Mises se opunha ao homo proletarius de Marx. Ele não via o homem como uma mera máquina material que trabalha, mas como um agente espiritual que cria. Quando o primeiro homem uniu duas rodas em um eixo, ele não estava apenas cumprindo uma tarefa trabalhosa. Ele estava realizando uma ação empreendedora.
O trabalho por si só não gera riqueza. Apenas o trabalho produtivo gera riqueza. O esforço de se levar um sorvete até a boca pode ser o mesmo de se levar um sorvete até a testa. É a razão humana que empregará nosso trabalho em direção à satisfação humana. O socialista que não entende essa distinção corre o risco de empobrecer seus ouvintes e ainda desperdiçar um sorvete.
A teoria econômica moderna ensina que o capital é mais que um substituto ao trabalho. Apenas o capital enriquece o trabalho humano. Como escreveu Mises, "não há outra maneira de fazer os salários subirem que não seja por meio do investimento em mais capital por trabalhador.  Mais investimento em capital significa dar ao trabalhador ferramentas mais eficientes."

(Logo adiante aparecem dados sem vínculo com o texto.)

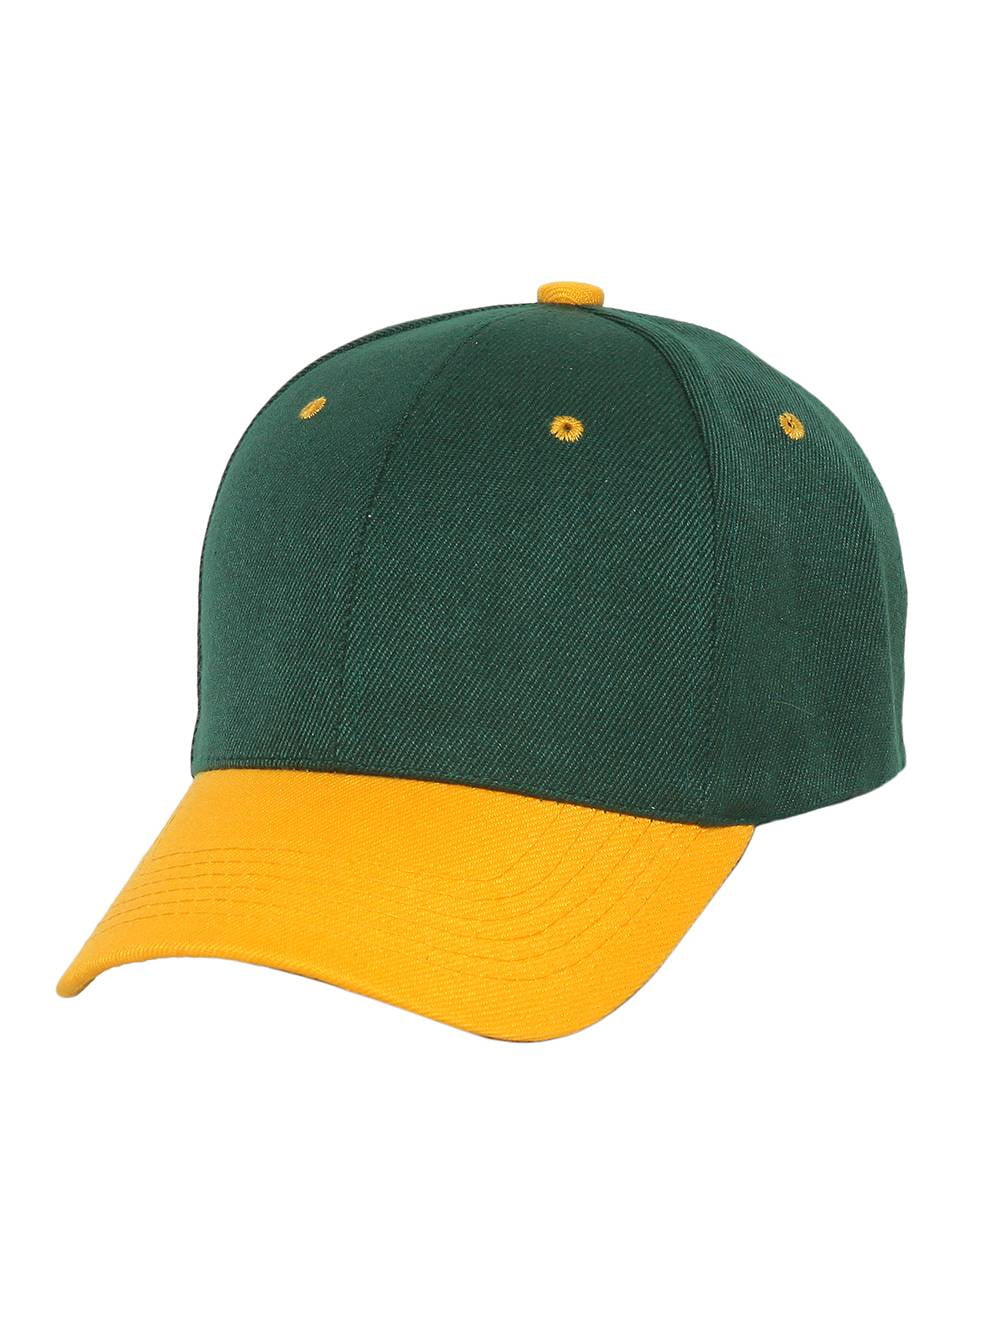 Two-Tone Adjustable Baseball Yellow Cap, Green

O trabalhador brasileiro ganha pouco porque falta capital para deixar seu trabalho mais produtivo. Ou o morro se move até o capital, ou o capital se move até o morro. Uma forma de resolver o problema é aumentar o número de capitalistas, principalmente permitindo que mais pobres se tornem capitalistas. Se ao desejar que o capitalismo coma na mão dela, a dona de um albergue no Cantagalo aumenta o estoque de capital no morro, ela está de fato aumentando a comida na mão de seus vizinhos.
O trabalhismo do homo proletarius trata o trabalho mais como um fim em si mesmo e menos como um meio para o consumo. Preocupados em dividir a sociedade em classes antagônicas, seus defensores acreditam em tirar dos que têm capacidade para dar para os que têm necessidade. Por isso, a capacitação dos necessitados deve ser a prioridade, mesmo que esse progresso cause a ascensão de uma nova burguesia de ex-pobres. Não queremos um partido apenas para os trabalhadores, queremos um partido para todos os pobres, não importa o tamanho de seus sonhos ou a classe de suas ambições.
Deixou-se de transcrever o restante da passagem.